Today's announcement that it had struck a deal with ports and rail operator Asciano Group, which will allow Asciano to move seven million tonnes of coal each year from two of the miner's Queensland operations, is just the latest in a string of major strategic moves for the company.
The company led gains amongst Australian mining companies after a report showed US manufacturing rose more than economists had previously estimated. It boosted optimism around demand for metals and energy.
But there is a reason Macarthur stocks climbed 13 per cent this week, its biggest gain since June.
The company has been using external legal counsel Corrs Chambers Westgarth on deals it said would increase the company's holdings and solidify its position as one of Australia's top independent coal producers.
Macarthur announced in late December 2009 an intention to acquire 100 per cent of Gloucester Coal Ltd via an off-market takeover by an all-scrip offer with cash alternative.
At the same time as the Gloucester takeover announcement, Macarthur also announced that it had entered into a conditional binding term sheet to acquire Noble Group Limited’s interest in the Middlemount joint venture, taking Macarthur’s ownership to 100 per cent of Middlemount including all marketing rights for Middlemount product.
The company also announced that it was continuing discussions with Noble to acquire a majority stake in Donaldson Coal Holdings Ltd.
Finally, Macarthur announced that it had entered into a conditional binding term sheet to acquire the 7 per cent interest held by Macarthur’s largest shareholder, CITIC Resources, in Macarthur’s Coppabella and Moorvale joint venture.

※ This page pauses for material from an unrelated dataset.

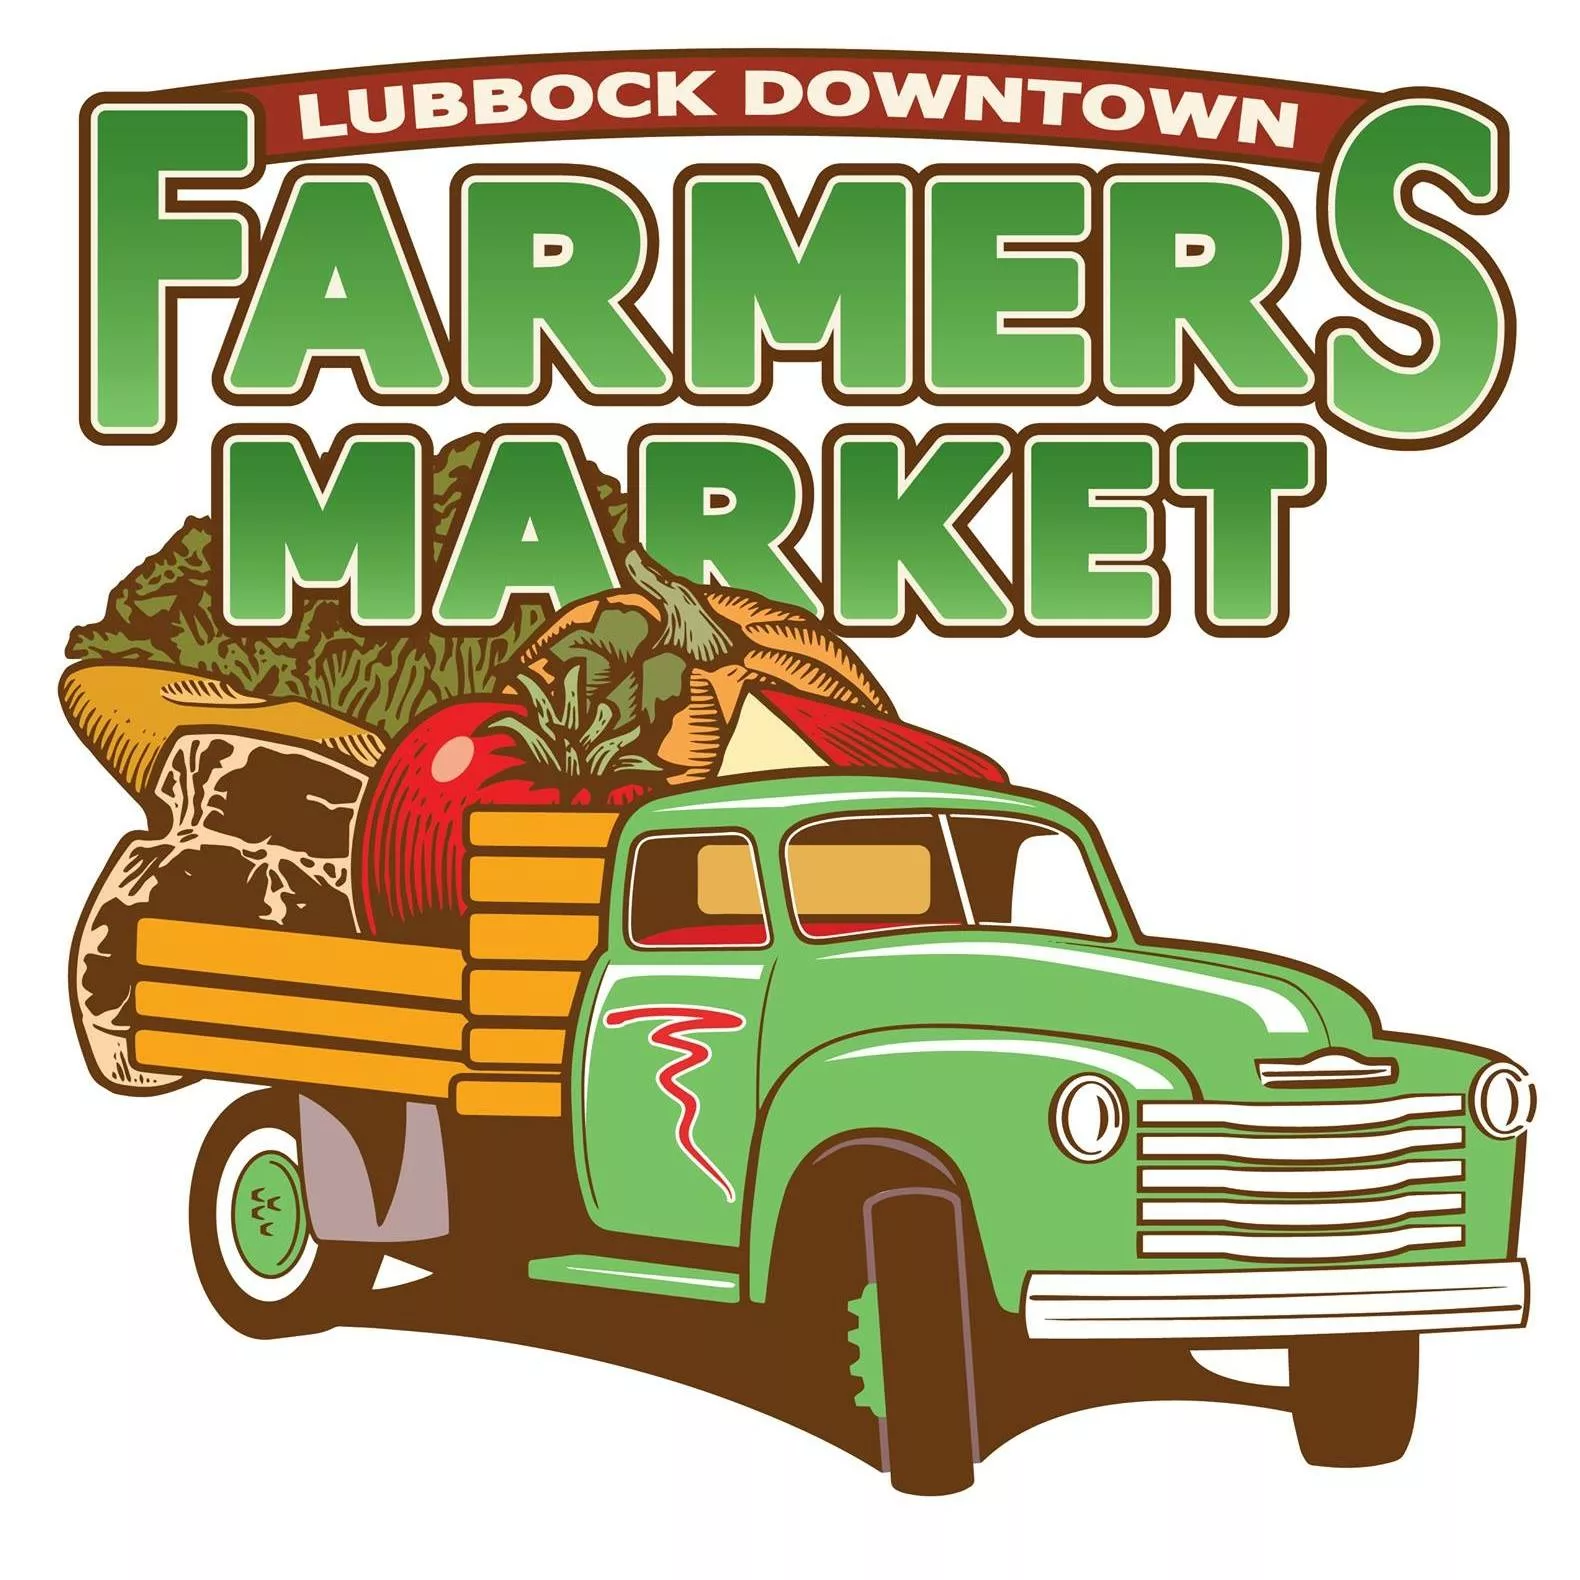 Lubbock Downtown Farmers Market LHUCA Plaza Good Stuff LBK

Macarthur has since announced that it has now entered into definitive legal documentation with Noble in relation to the Middlemount transaction and that the Donaldson transaction is not proceeding.
The Middlemount transaction will remain conditional upon FIRB approval, the Gloucester offer becoming unconditional and Noble accepting the Gloucester offer.

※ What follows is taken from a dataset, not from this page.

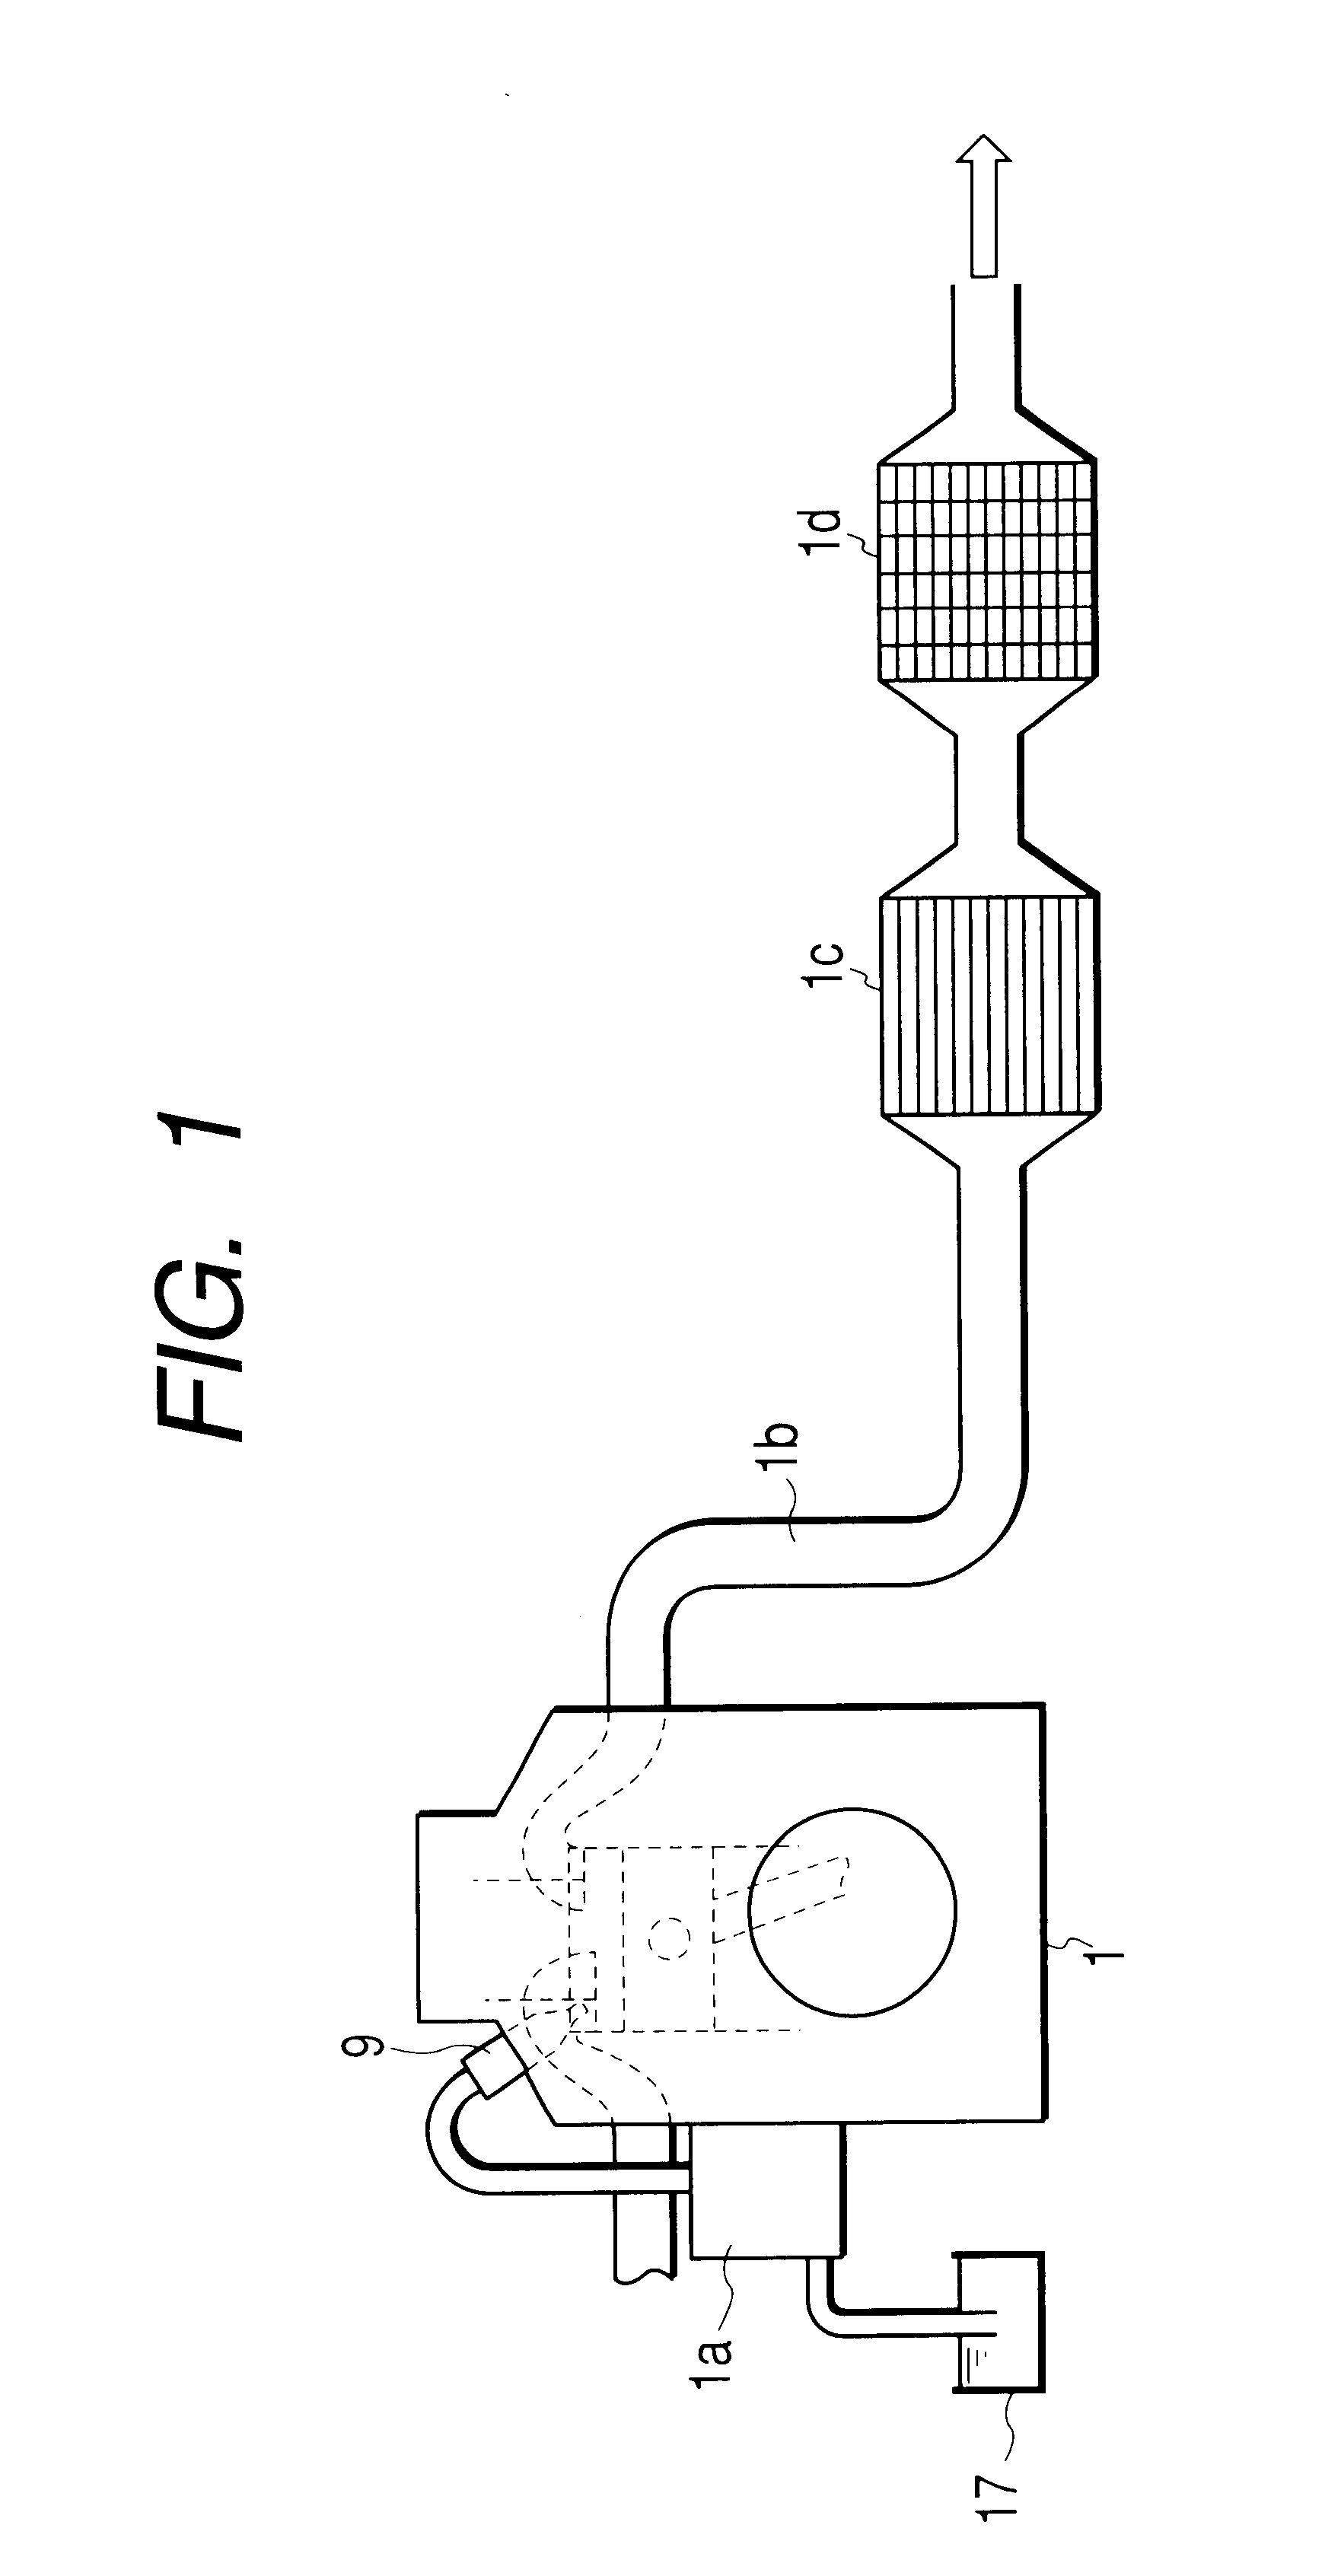 Accumulator type fuel injection apparatus

To date, Corrs has advised on the structure and terms of the proposed takeover of Gloucester and the transactions with Noble and CITIC as well as conducting due diligence investigations in relation to the proposed acquisitions.
Corrs partner Teresa Handicott said: “This transaction has been significantly more logistically challenging and technically complex than most takeovers as a result of the number of separate transactions and the unusual situation that some of them are with Gloucester’s major shareholder.
"There are very few examples of public takeovers with separate transactions with a shareholder of the target, partly due to the legal and regulatory issues involved.”